— Спасибо, что осталась со мной. — Голос Генриха прервал мои мысли.
Он не переставал целовать мои руки и повторять эту самую фразу в тот день, когда Эрнст отправился в Австрию, а я отказалась ехать с ним. Эрнст ни с кем в РСХА официально не прощался, а потому его отъезд остался для многих сотрудников тайной на несколько дней. Генрих узнал о его отъезде только спустя несколько часов, от Отто; можно и не объяснять, что мой бедный муж решил, что Эрнст наверняка забрал меня с собой, и немедленно бросился к нам в дом, где нашёл меня, сидящей у стены и уставившейся в пространство, проведя в таком положении бог знает сколько.
Он тогда встал передо мной на колени и начал благодарить меня за мою преданность, просить прощения за то, что вообще втянул меня во все свои шпионские игры и позволил мне рисковать своей жизнью, и обещать, что отныне он будет заботиться обо мне и ребёнке как никогда раньше, что всё это скоро закончится, и что мы начнём новую и очень счастливую жизнь вместе, в Нью-Йорке.
Я тогда невольно поморщилась от ощущения какого-то извращённого дежавю, только на этот раз другой мужчина произносил до боли знакомые слова. Я заставила себя посмотреть Генриху в глаза и твёрдо напомнила себе, что это не какой-то «другой мужчина», а мой муж, которого я поклялась любить, почитать и кому обещала хранить верность; с кем должна была делить все горести и радости, в болезни и здравии, пока смерть не разлучит нас. С того самого момента я поклялась себе, что он будет единственным мужчиной в моей жизни, как оно и должно было быть с самого начала.
— Ну куда бы я делась, глупый? — Я мягко провела пальцами по его небритой щеке. — Ты же мой муж.
— А я ведь был на сто процентов уверен, что ты уедешь с ним.
— Я бы никогда с тобой так не поступила.
Нет. С ним бы я так поступить не смогла. Вот и пришлось с Эрнстом поступить ещё хуже… Да и с собой тоже.

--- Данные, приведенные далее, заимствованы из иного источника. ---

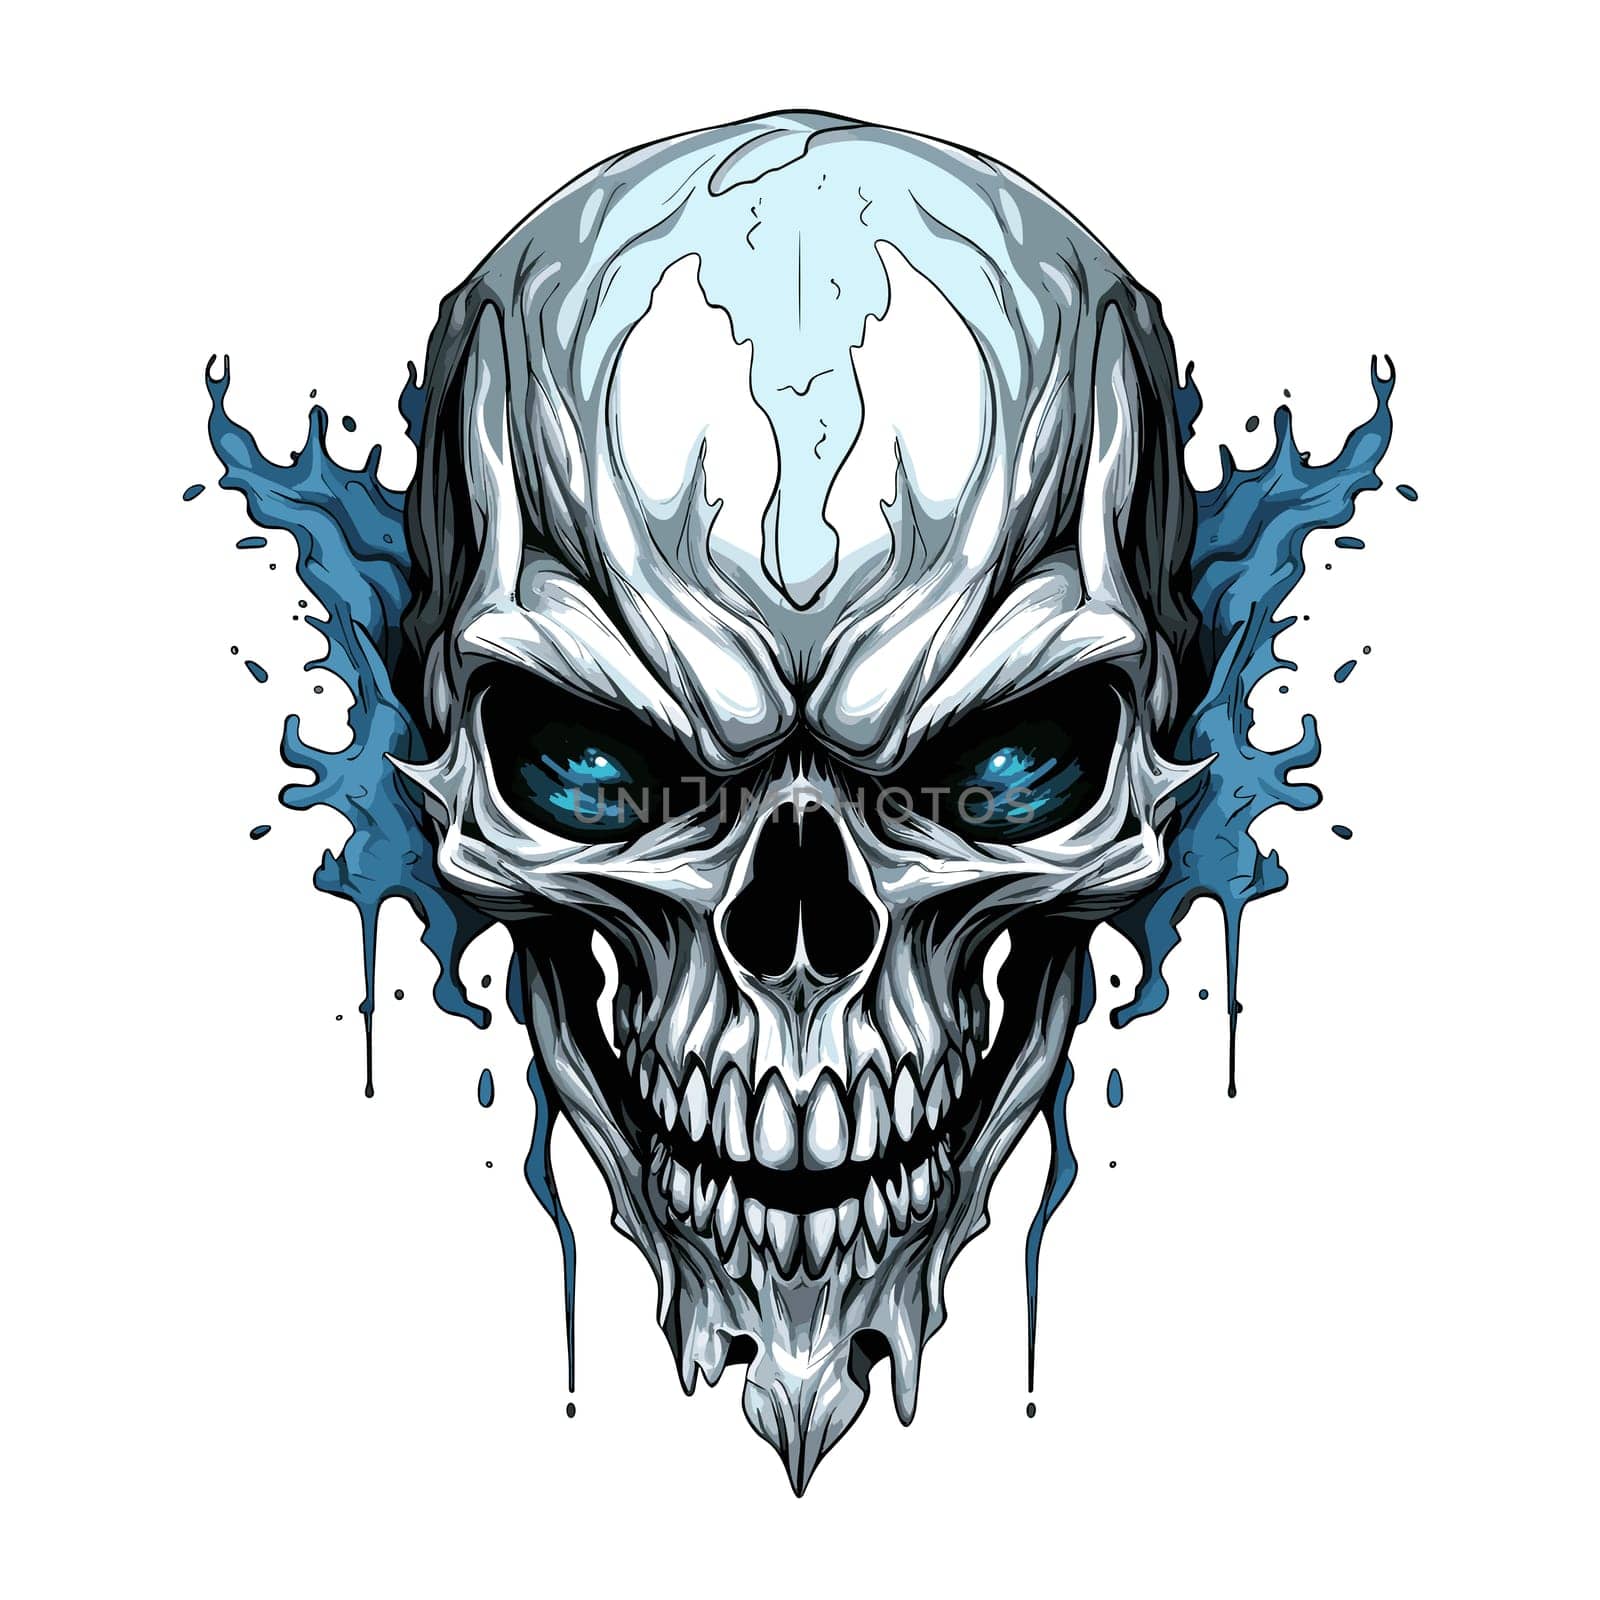 A devil's skull. Mystical illustration in vector pop art style. Template for t-shirt print, sticker, poster, etc.
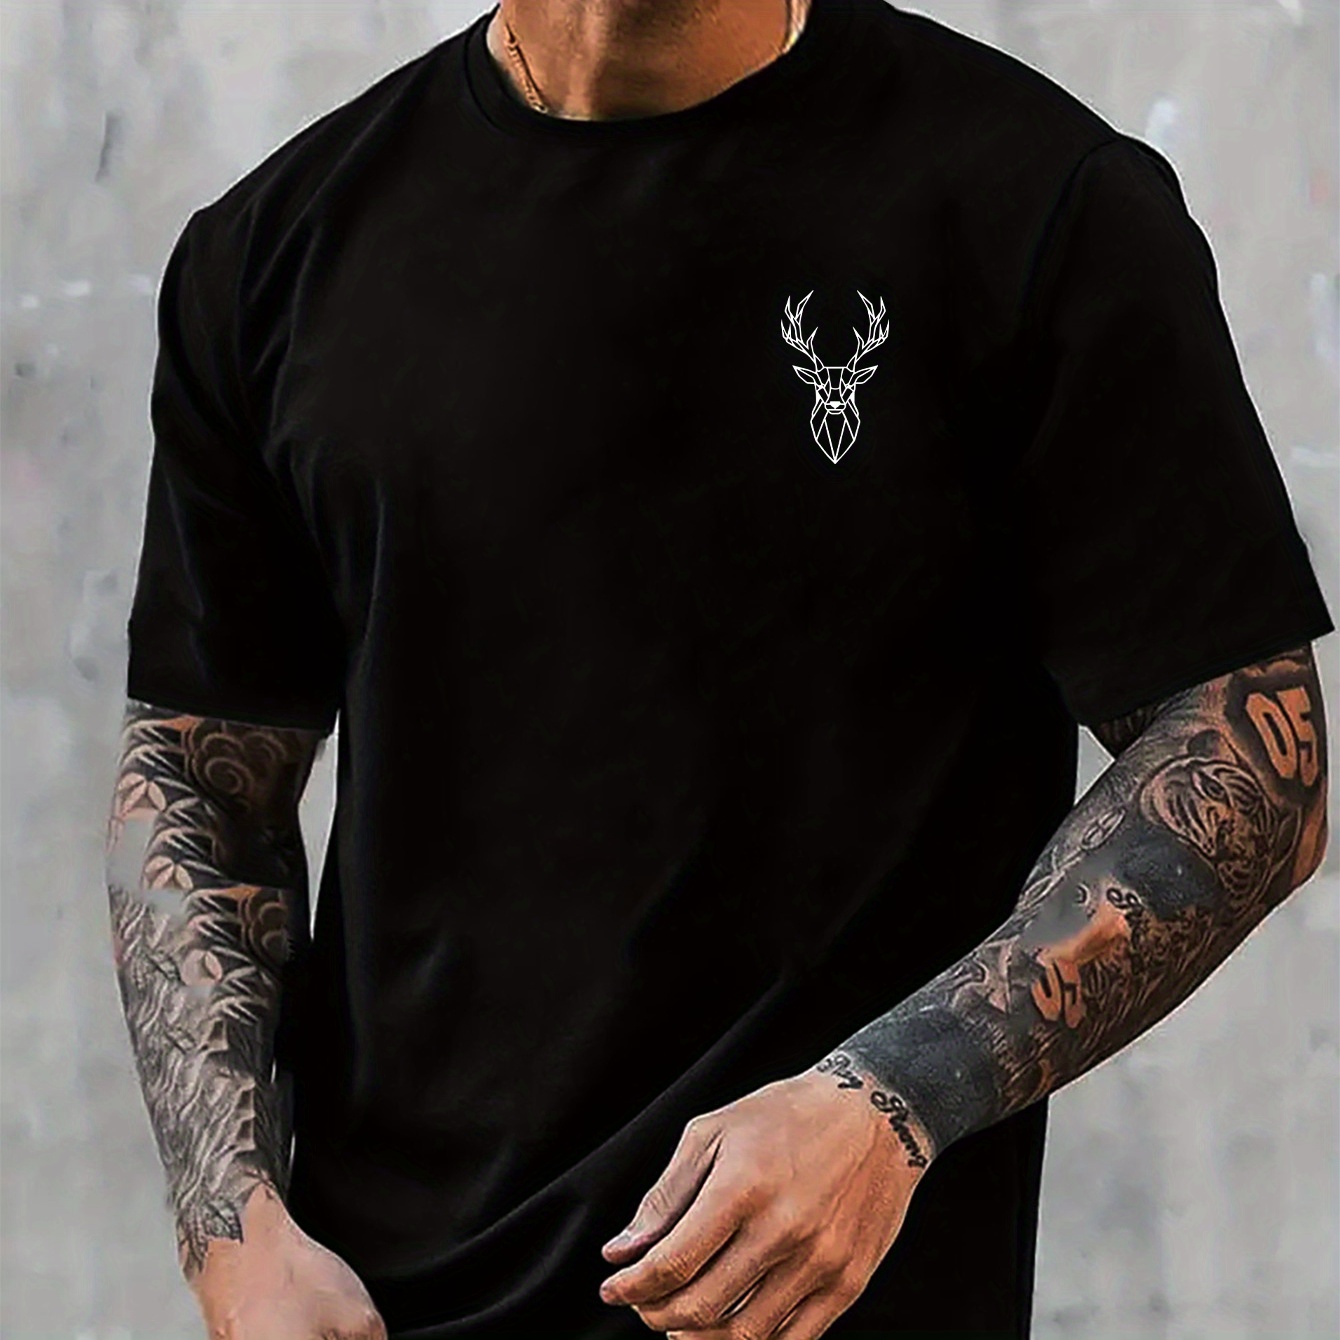 

Men With Deer Print T-shirts, Round Crew Neck Short Sleeve Casual T-shirt & Comfy Lightweight Top For Summer & Running

— Аннализа, патроны, живо!
Утерев пот со своего перепачканного лба, я попыталась перетащить тяжёлый ящик из кабинета, в котором мы сложили все боеприпасы, но не смогла сдвинуть его больше чем на несколько жалких сантиметров. Перестрелка шла уже внутри самого здания РСХА; русские — всего этажом ниже. Генрих занял позицию у наспех забаррикадированной боковой лестницы, в то время как остальные офицеры отчаянно пытались удержать главную лестницу под своим контролем.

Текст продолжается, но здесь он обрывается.